» **Work required**:
Repeat every line of the data exactly; the pictures stay out.

» **Dataset section**:
####################
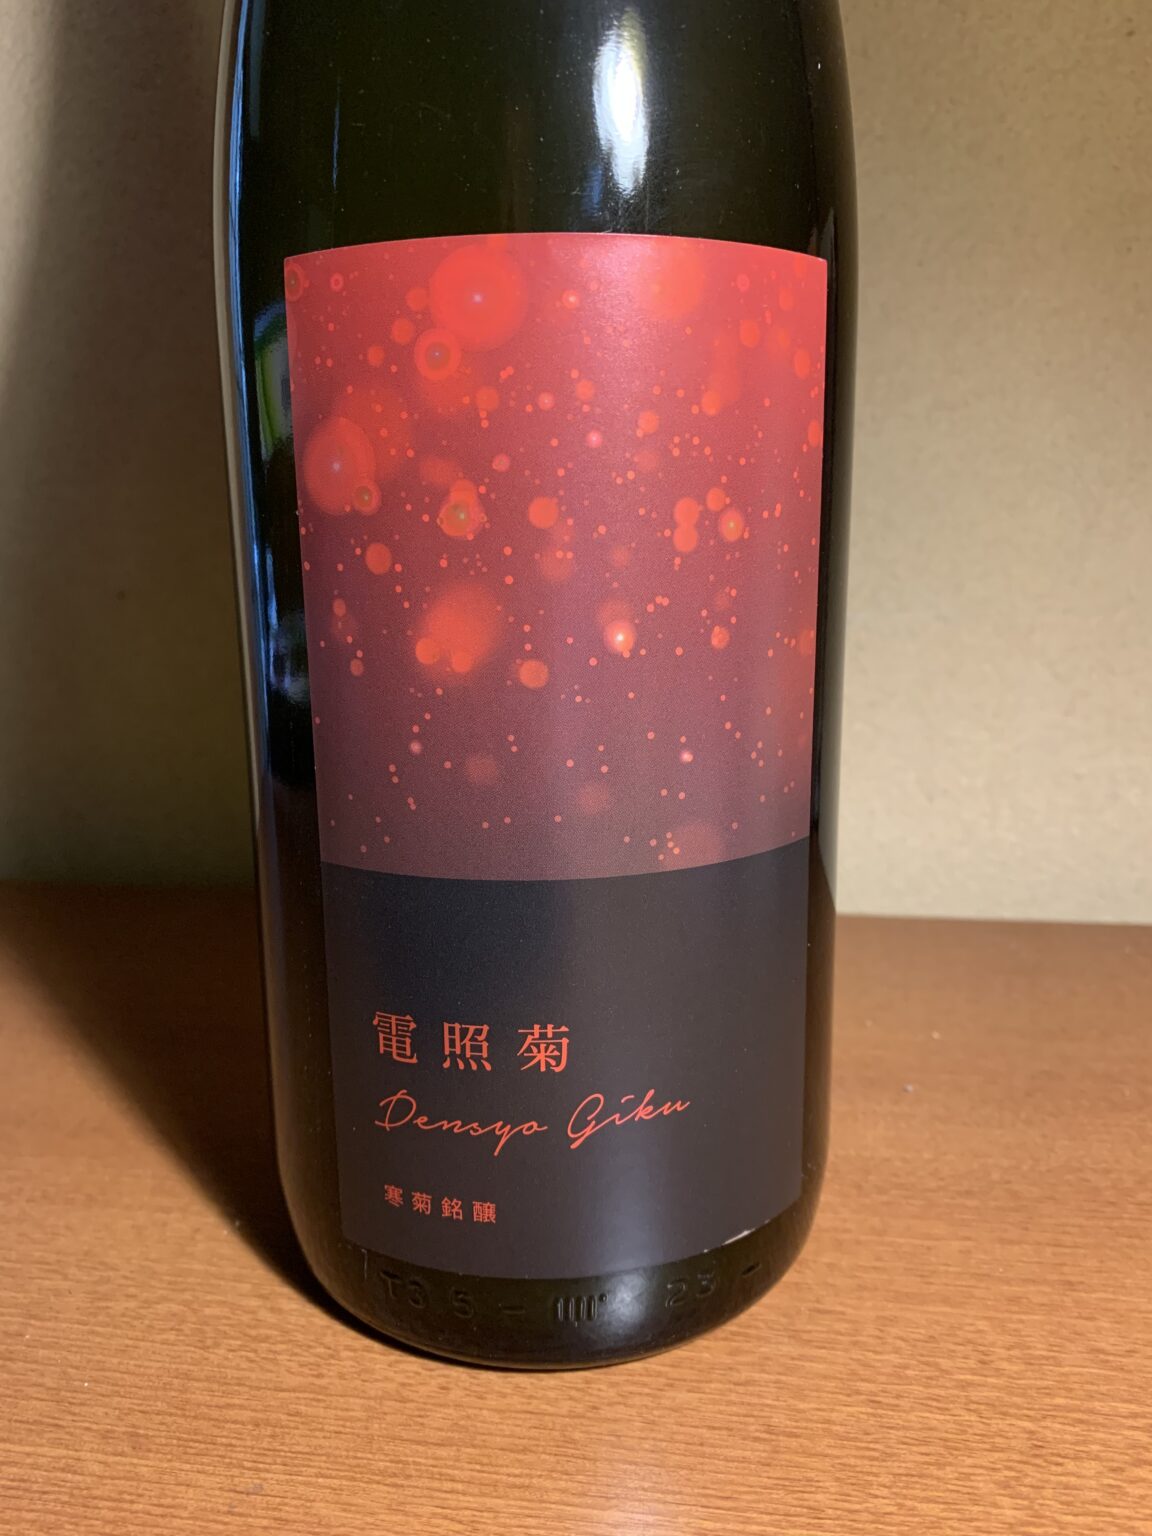 千葉の日本酒『電照菊純米大吟醸』は九十九里浜のミネラルを一杯に含んだジューシーな味わい
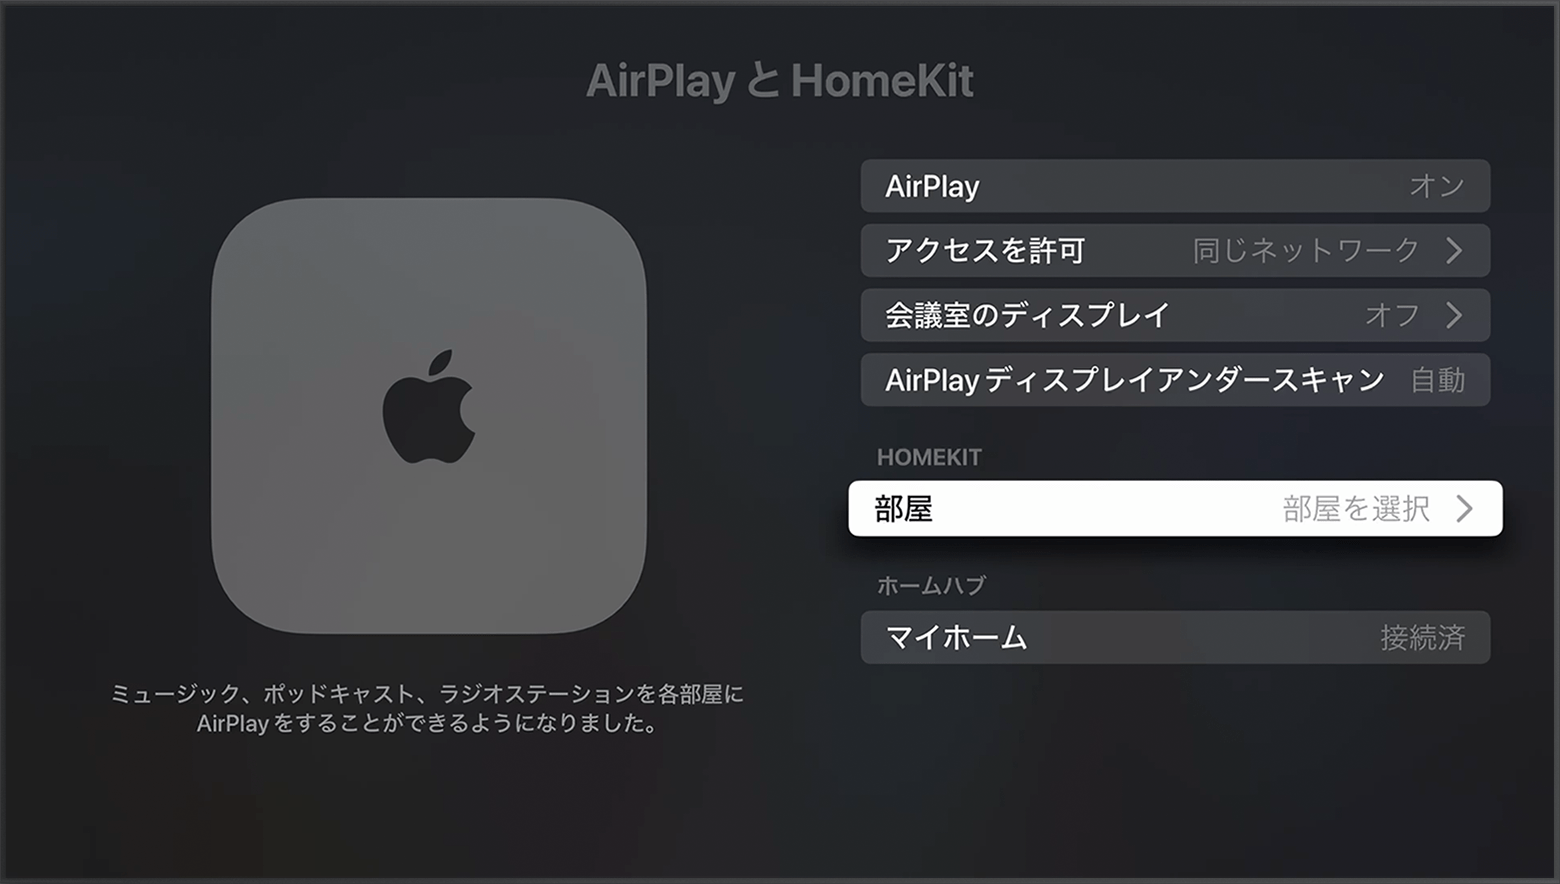 「部屋」が、Apple TV の設定の「AirPlay と HomeKit」画面で、HomeKit の下に表示されています
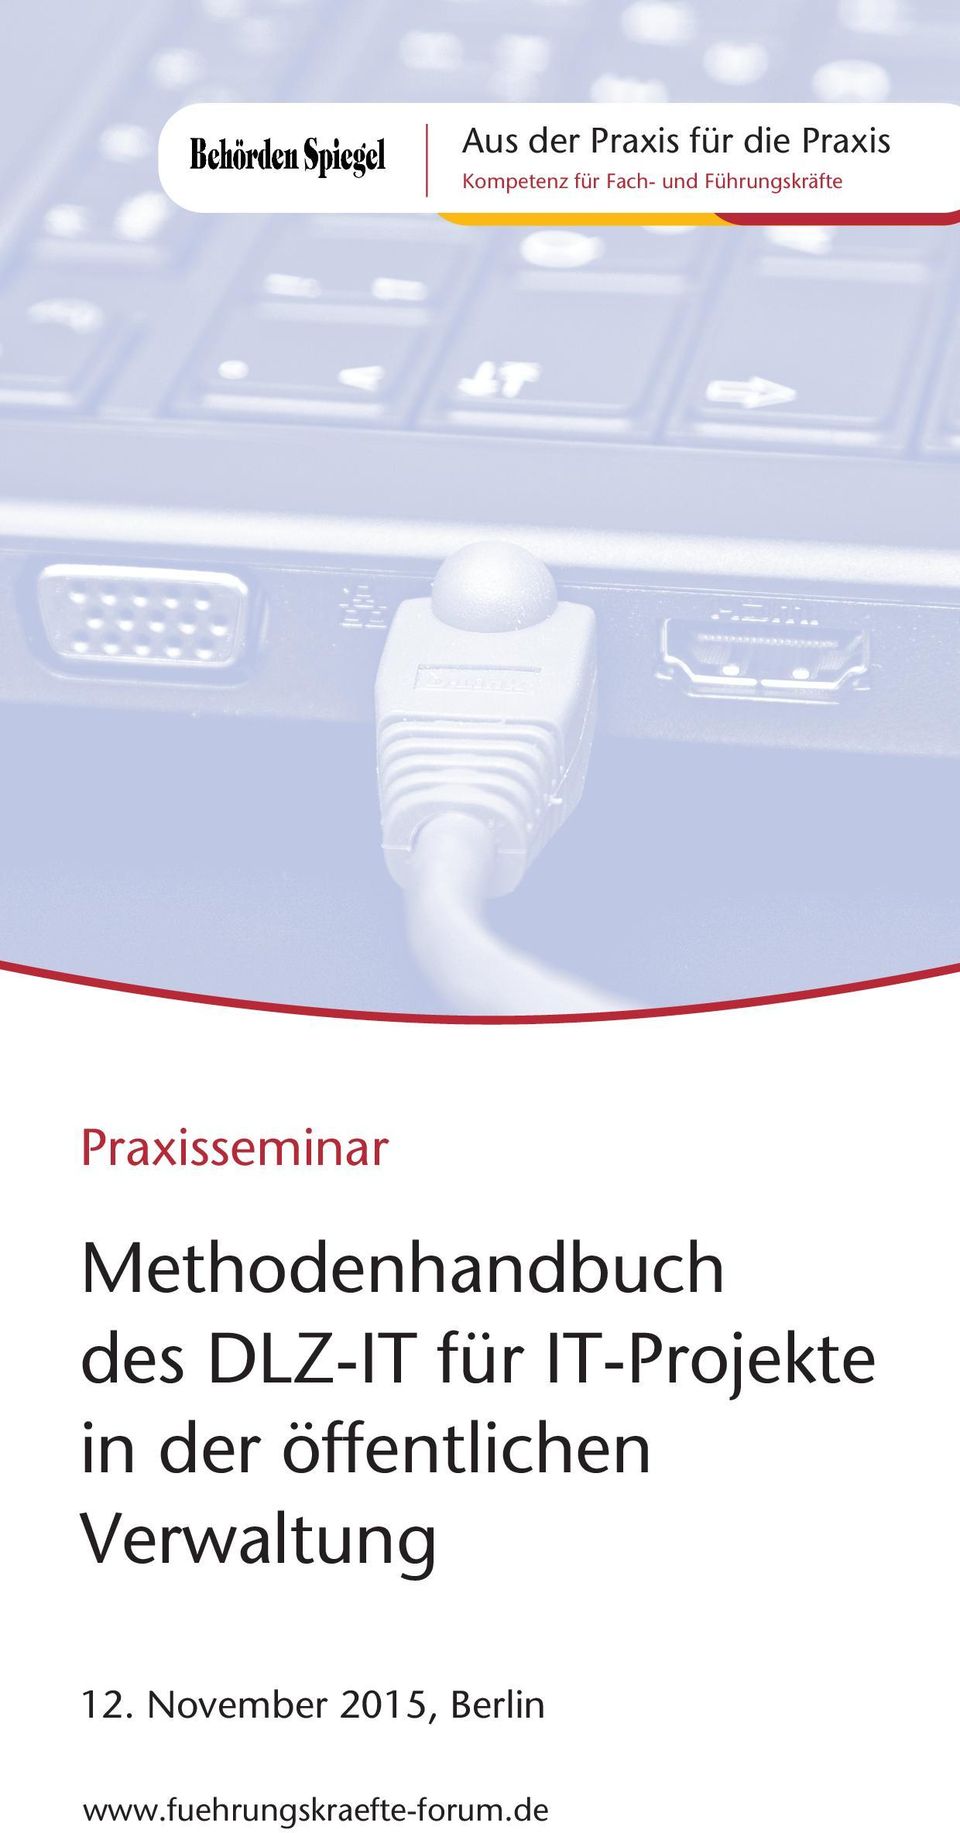 DLZ-IT für IT-Projekte in der öffentlichen Verwaltung
####################
» **Solution**:
 千葉の日本酒『電照菊純米大吟醸』は九十九里浜のミネラルを一杯に含んだジューシーな味わい
 「部屋」が、Apple TV の設定の「AirPlay と HomeKit」画面で、HomeKit の下に表示されています
 DLZ-IT für IT-Projekte in der öffentlichen Verwaltung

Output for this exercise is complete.